I ain't going to beat myself up over it. What alternative have Democrats left anybody with?

They spent their day today giving some of the most pathetic speeches for J6 that I've ever seen in my life, while they were all holding dollar store LED candles, some of them at times not even bothering to hold them up straight to even attempt to make the illusion look real.

Chuck Schumer couldn't get a damn sentence out of his mouth without fucking up at least one word. Hakeem Jeffries lied his head off and made up events that never even happened that day. If Dollar Store Obama had an ounce of Charisma behind his retarded way of talking, he might be able to convince somebody that at least some of that were true.

Then they all started half-hardheartedly and cringe-inducingly singing something like "This Land Was Made for You and Me" and their feed cut off before they even finished the song.

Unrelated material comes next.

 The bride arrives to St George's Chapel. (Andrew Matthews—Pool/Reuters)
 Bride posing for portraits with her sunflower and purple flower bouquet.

They, along with the Legacy Media completely ruined themselves and any credibility they had outside of their captive 25% or so of the voting population cultists that vote Blue, no matter who and spend all their days posting Trump articles.


Maybe things get better. Maybe things get worse.

I ain't going to worry about it until there's something to worry about.

I wanted change. Been voting for it my entire adult life.

I'm finally getting it.



Why don't you stop freaking out about TODAY'S EVENTS and just give it a week or two to see what happens?

There is zero sense in getting all nutty with this or you'll end up just like Ted and Second and start freaking out about a million and one things that never actually end up happening.

Besides. It's not like you could do anything about any of this anyhow, right?

--------------------------------------------------

Be Nice. Don't be a dick.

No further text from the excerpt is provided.